Keywords: machine learning, gene regulatory network, sparse modeling, transcriptome, time series analysis

Introduction

Gene regulatory networks (GRNs) represent the causal relationship between genes regulating cellular functions (Barabasi and Oltvai, 2004; Blais and Dynlacht, 2005). GRNs play important roles in cellular regulatory systems such as signal transduction and transcriptional regulation, which underlie almost all cellular phenomena. Therefore, comprehensive GRN maps are essential tools to elucidate gene function, thereby facilitating interpretations of biological processes, such as cellular differentiation and response to environmental stimuli at system-level (Lopez-Maury et al., 2008), and enabling the identification and prioritization of candidates of genes for molecular regulators and biomarkers (van Dam et al., 2018).

A number of approaches have been proposed for reconstruction of GRNs based on high-throughput biological datasets. Transcriptome datasets, usually from time-series samples, have enabled us to infer gene expression networks using various statistical and machine learning ML-based algorithms (Dewey and Galas, 2010).

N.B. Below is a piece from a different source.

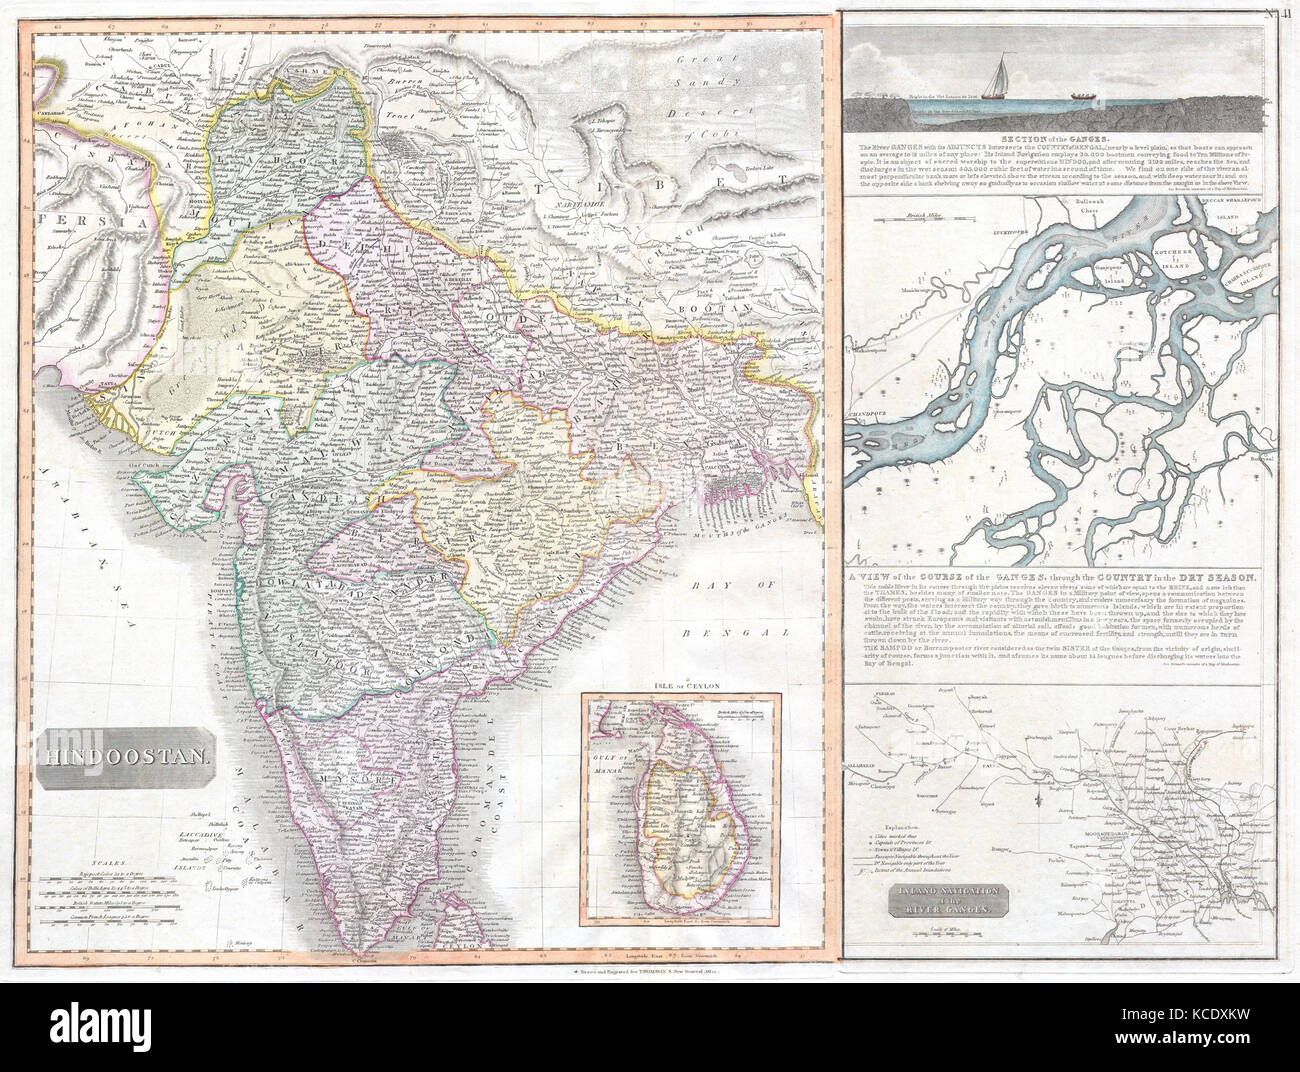 India Map Ganges Stockfotos & India Map Ganges Bilder - Alamy

The inferred GRNs are complementary to gene networks obtained from other types of data: transcription factor networks based on high-throughput methods to examine the interaction between transcription factors (TFs) and DNA-binding sites on target genes (Ikeuchi et al., 2018), and gene networks genetically determined using large-scale populations and mutant panels (Fuxman Bass et al., 2015; Hanson et al., 2018).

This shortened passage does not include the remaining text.